Design and Optimization of Code-domain NOMA Systems

Abstract

This work focuses on the modeling and optimization of transmitter and receiver design for code-domain non-orthogonal multiple access (CD-NOMA) systems, a key enabler for 6G wireless networks aiming to support ultra-high bandwidth efficiency, low latency, massive connectivity, and high reliability. CD-NOMA techniques, particularly sparse code multiple access (SCMA) and dense code multiple access (DCMA), allow multiple users to share the same resource element, enabling grant-free access and reducing signaling overhead. This thesis investigates CD-NOMA from three perspectives: SCMA codebook design, efficient detection for both SCMA and DCMA systems, and grant-free CD-NOMA implementation. A novel diversity-based framework is developed to design SCMA codebooks with high overloading factors, leveraging constellation rotation and dimensional permutation to optimize key performance indicators (KPIs) for symbol error rate (SER). These codebooks perform equally well in both uplink and downlink scenarios. To address the high complexity of conventional message passing algorithm (MPA)-based detection especially in dense systems and MIMO setups, an iterative detector based on the alternating direction method of multipliers (ADMM) is proposed, enabling efficient, resource-wise detection for both sparse and dense CD-NOMA systems.

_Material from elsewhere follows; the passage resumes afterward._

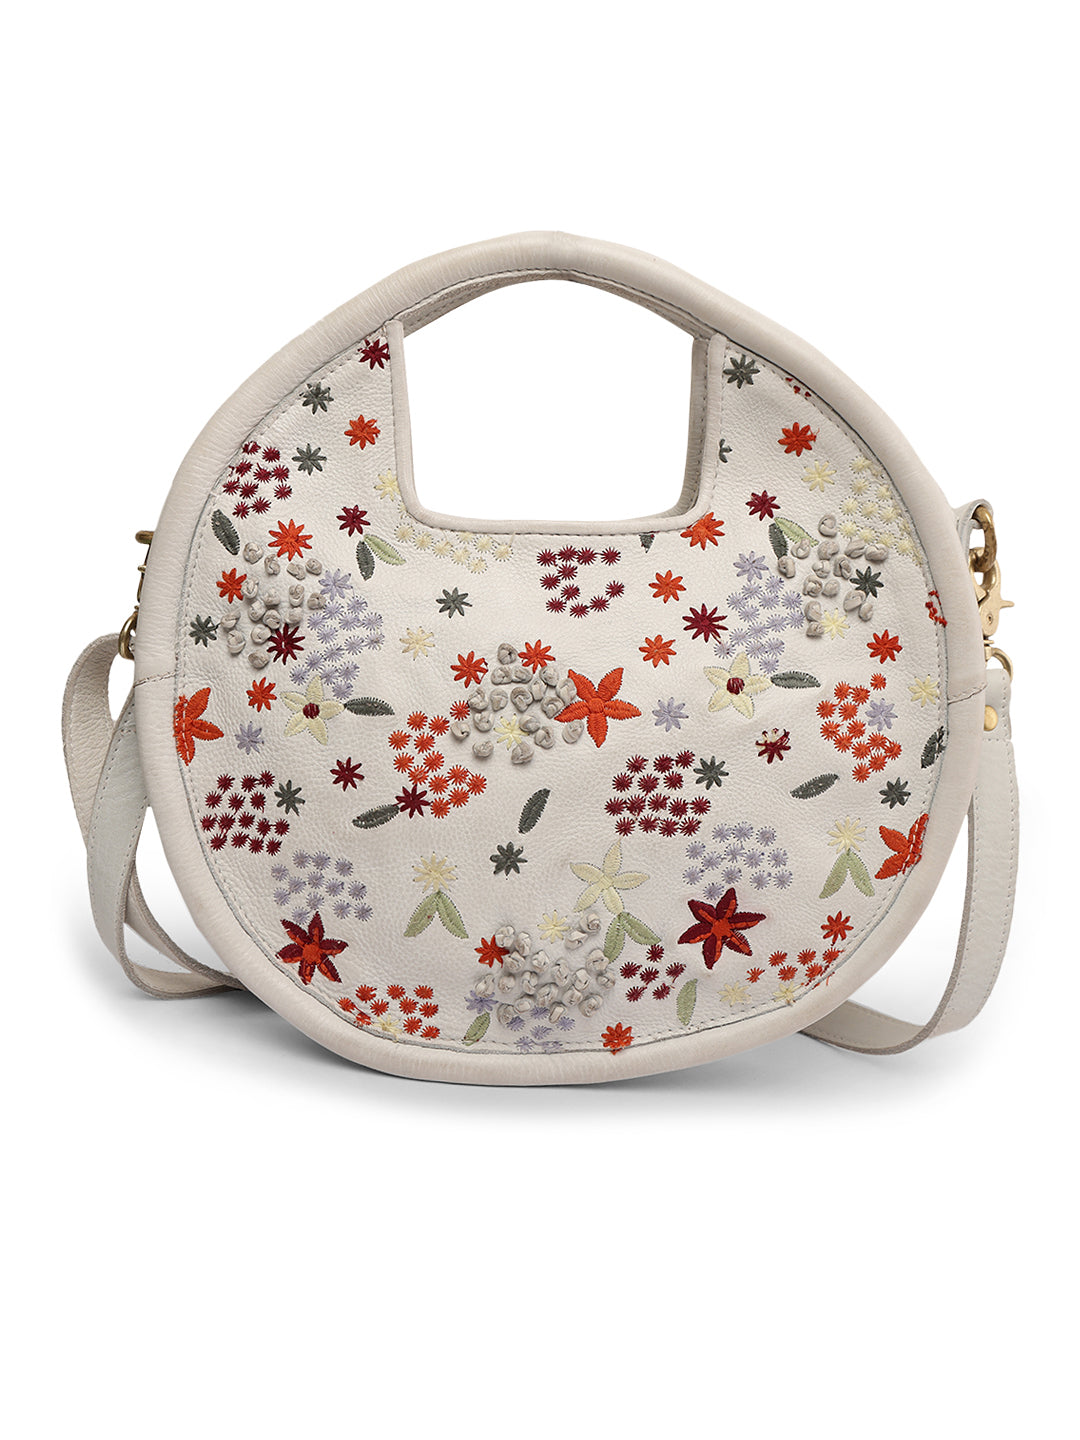 Floral Bliss: Round White Leather Handbag with Colorful Flower Embroidery

Furthermore, for grant-free scenarios, where joint activity and data detection (JADD) is critical, the work extends the ADMM framework using block compressive sensing (BCS) with group LASSO formulations. A robust, low-complexity prior-aided ADMM algorithm is introduced to exploit temporal correlations in user activity, significantly improving performance under dynamic conditions. Extensive simulations and analysis confirm that the proposed techniques enhance performance while maintaining computational efficiency, making them well-suited for future 6G machine type communication networks.